• _THE TASK_
Entries below include pictures. Output exactly the lines from the one with "Integration der Worlcat-Verfügbarkeitsinformationen" down to the one with "Плед детский двухсторонний", both ends included, and leave the pictures out.

• _DATA SECTION_
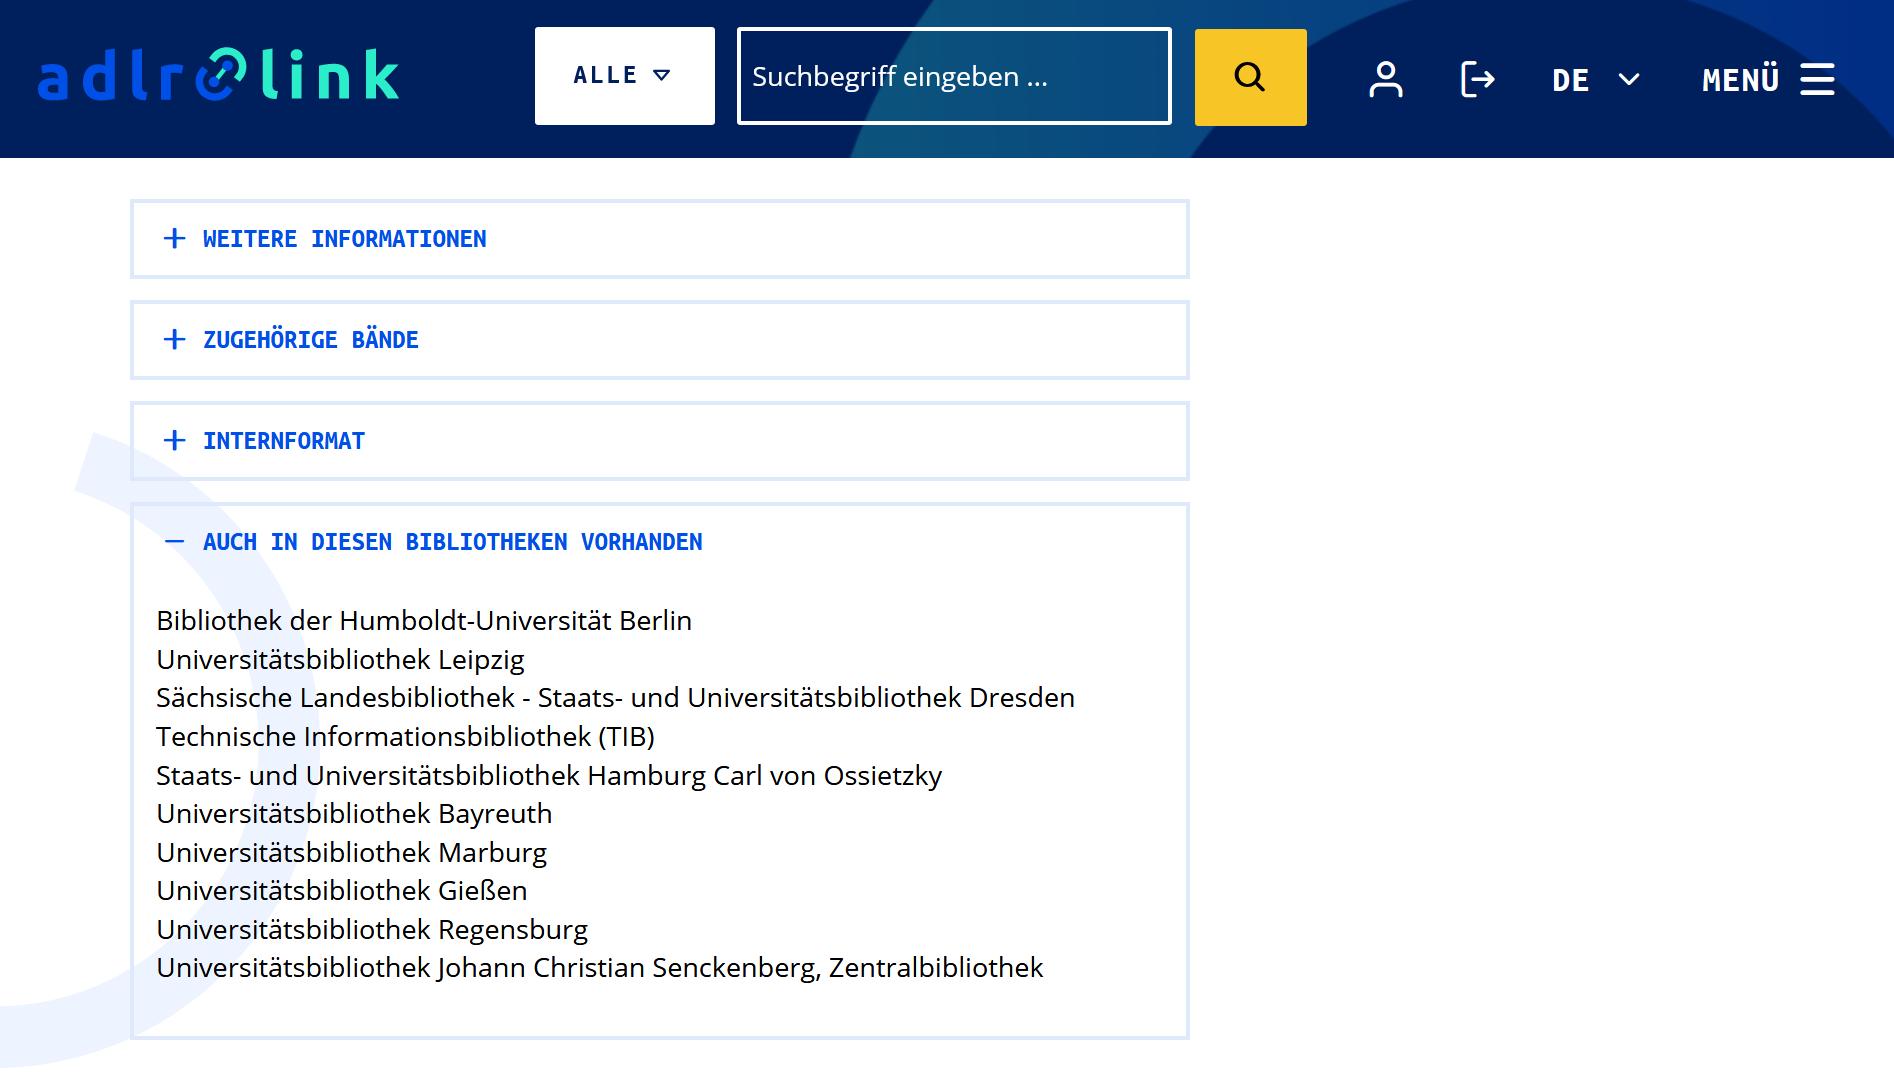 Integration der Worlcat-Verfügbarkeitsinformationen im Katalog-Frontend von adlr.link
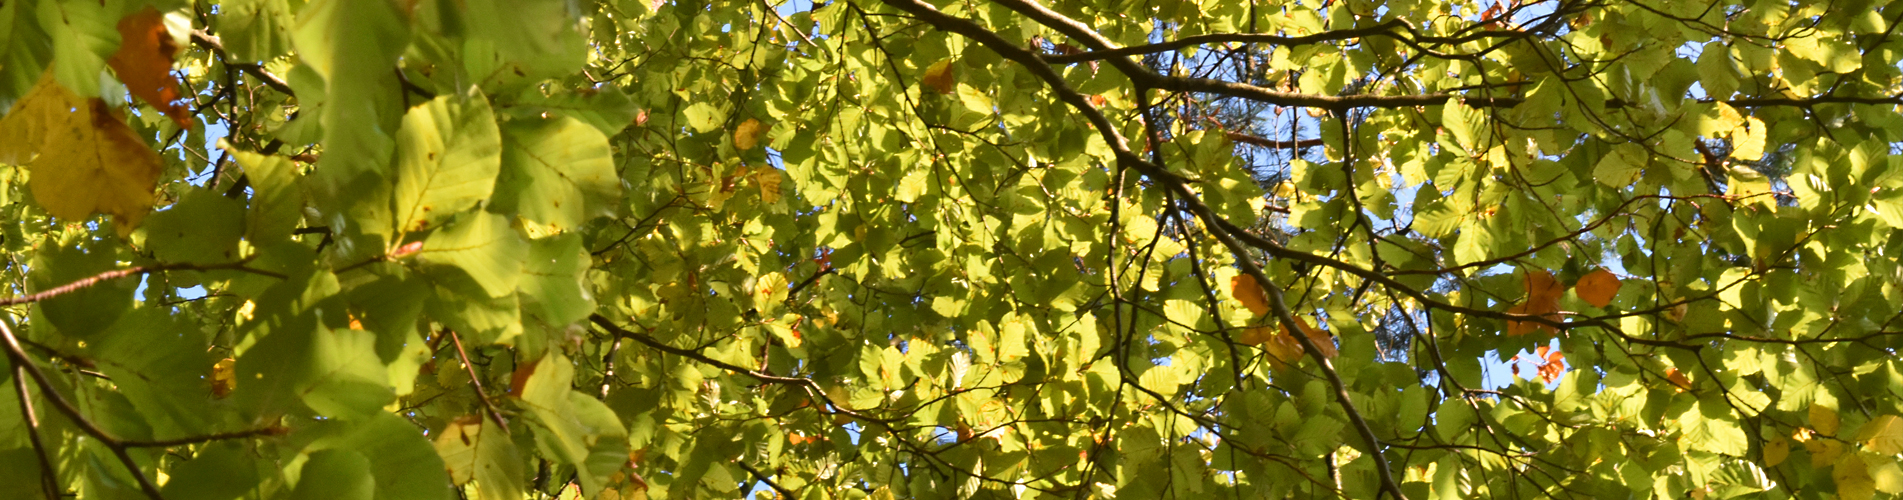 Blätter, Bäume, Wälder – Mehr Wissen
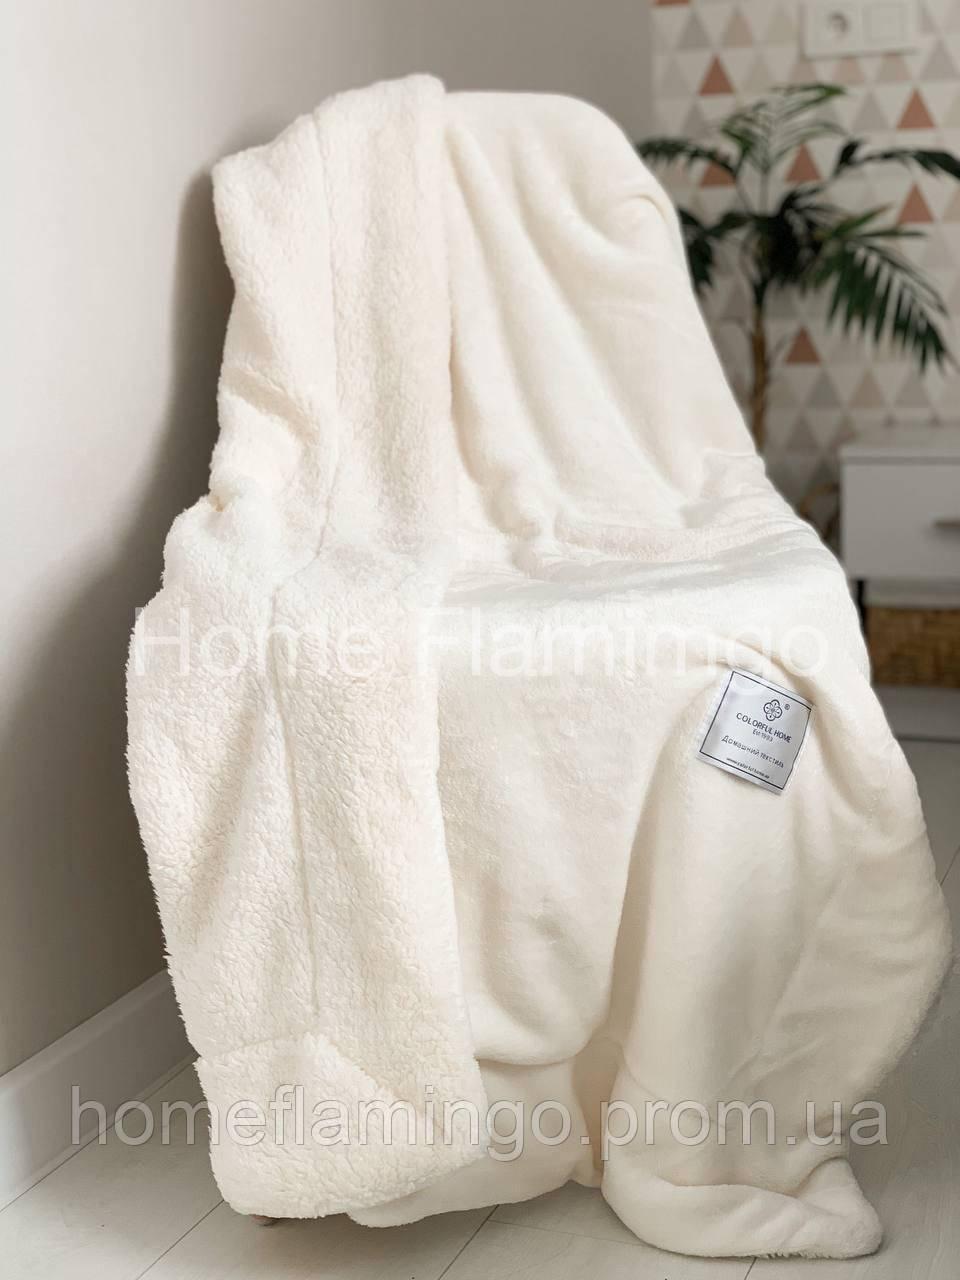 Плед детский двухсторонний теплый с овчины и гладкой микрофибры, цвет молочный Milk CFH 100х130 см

* * *

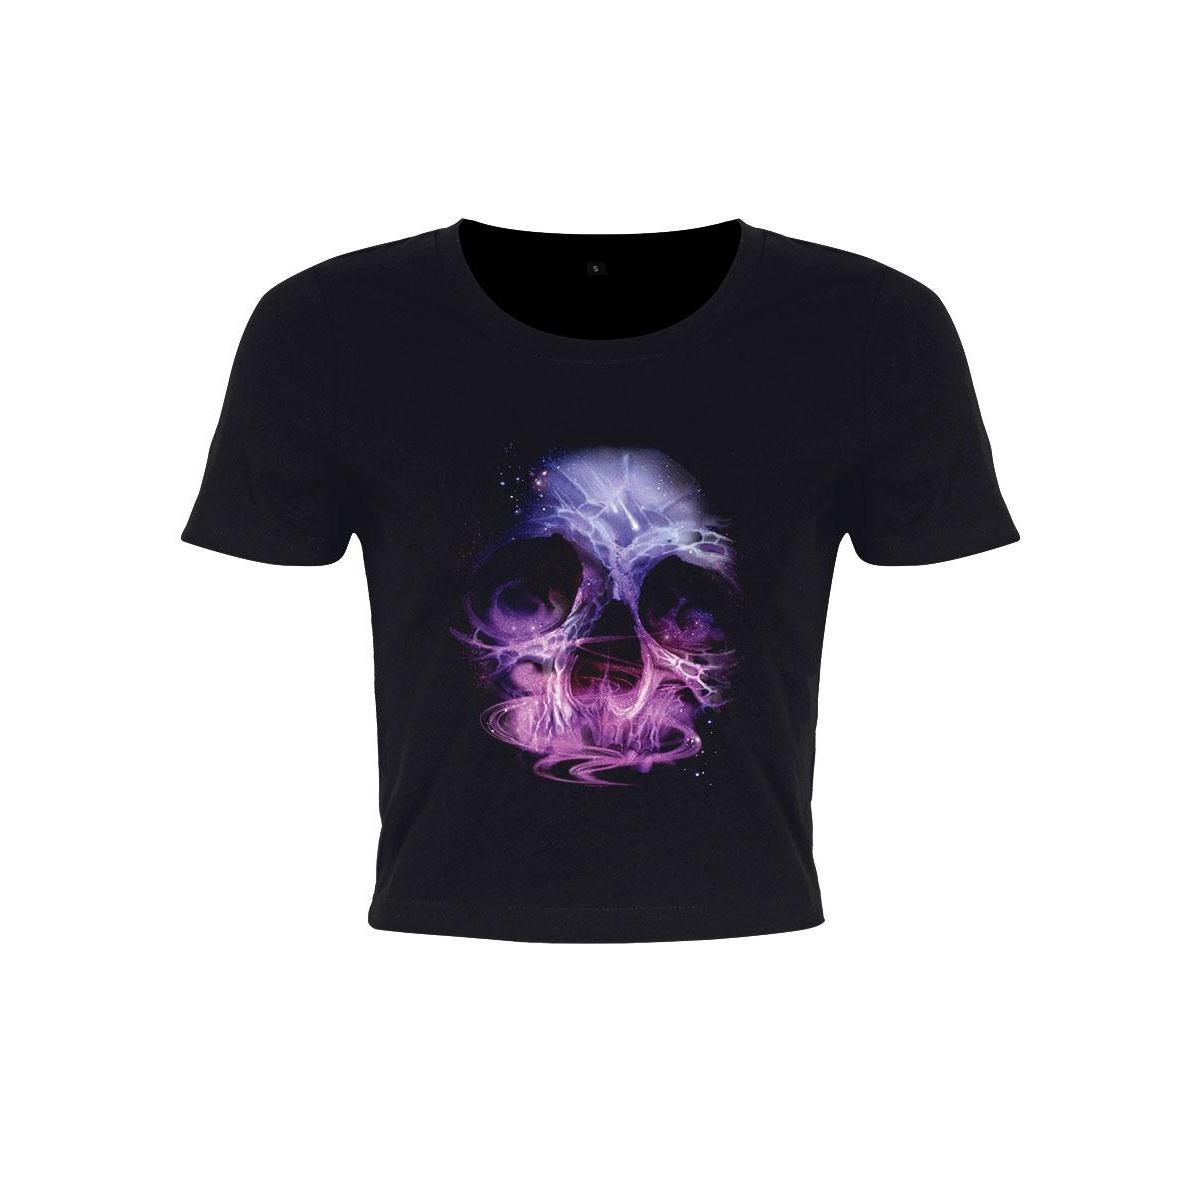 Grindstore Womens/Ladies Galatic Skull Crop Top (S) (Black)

• _REPLY TO THE TASK_
 Integration der Worlcat-Verfügbarkeitsinformationen im Katalog-Frontend von adlr.link
 Blätter, Bäume, Wälder – Mehr Wissen
 Плед детский двухсторонний теплый с овчины и гладкой микрофибры, цвет молочный Milk CFH 100х130 см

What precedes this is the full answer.